I don't want to subvert my own classes. I wrote them that way because
I decided that it was the way they should be written. If I had wanted
some fields to be accessible by anyone, I'd have declared them public.
If I'd wanted some fields not to be acccessible by everyone but only
by a selected few, I'd have declared these few friends. I see no need
to subvert a conscious decision I made.

Quote:
Yes I have. And let me respond with a question in turn: have you ever
tried to push the boundaries of a problem to try to come up with a
unique solution - or do you always just follow the rules that others
have set out for you?

Smile Depends if these rules make sense to me and if I respect the
opinions and knowledge of those that set them. :-)

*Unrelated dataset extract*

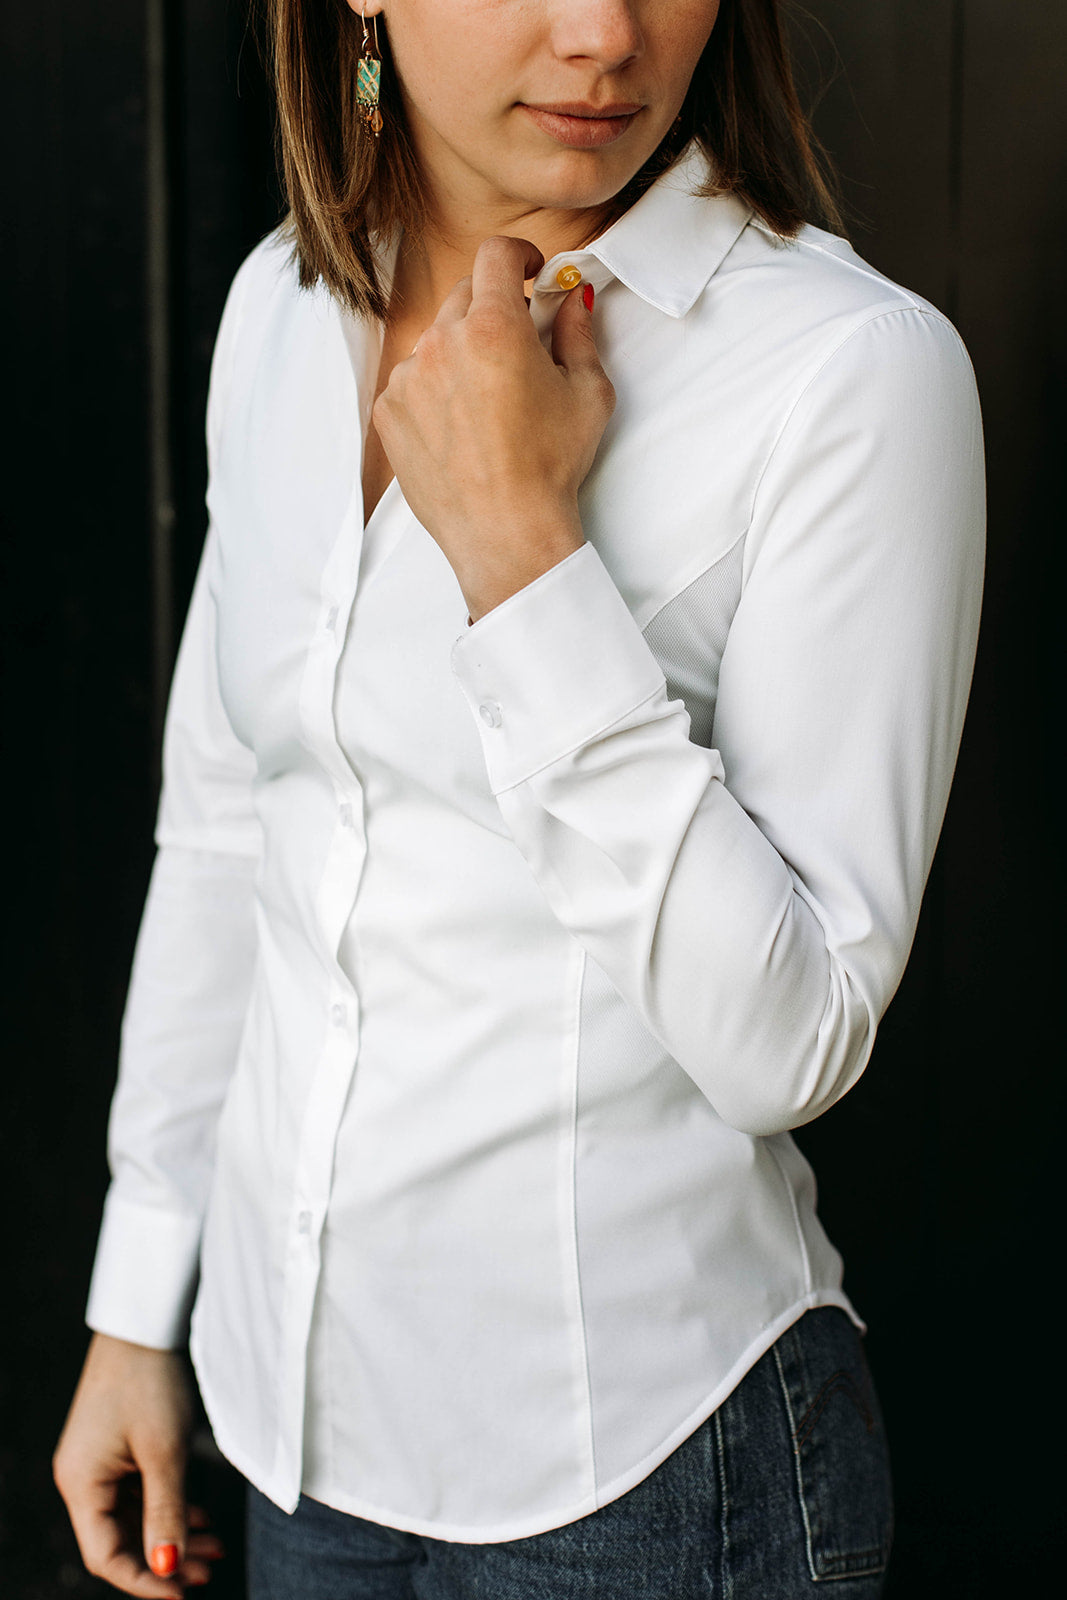 The side of a model wearing a white sweatproof dress shirt for women

In this particular case however, I don't see the need to break the
rules because I can see a lot of potential for a creative solution
that doesn't involve rule-breaking.

Rules are made to be broken but you are better be ready with a good
explaination why. :-)

Quote:
No, you are not *the* programmer. You are not the designer of the
class. You may well be *a* programmer but you are not *the*
programmer. You are a user of the class. There is a very fundamental
difference between the two.

There is something you need to understand: the compiler doesn't care
who wrote the code. I don't care either when it comes to the purposes
of my tool. Your code, my code, it doesn't make a difference in the
end. All that matters is that the resulting application work, and
that the code itself is maintainable. With every single approach you
can ever mention for anything programming-related, there are
tradeoffs, and my tool would be no different. It will make some code
easier to maintain and some code harder. It becomes a matter for the
developer to decide how and when to best apply it.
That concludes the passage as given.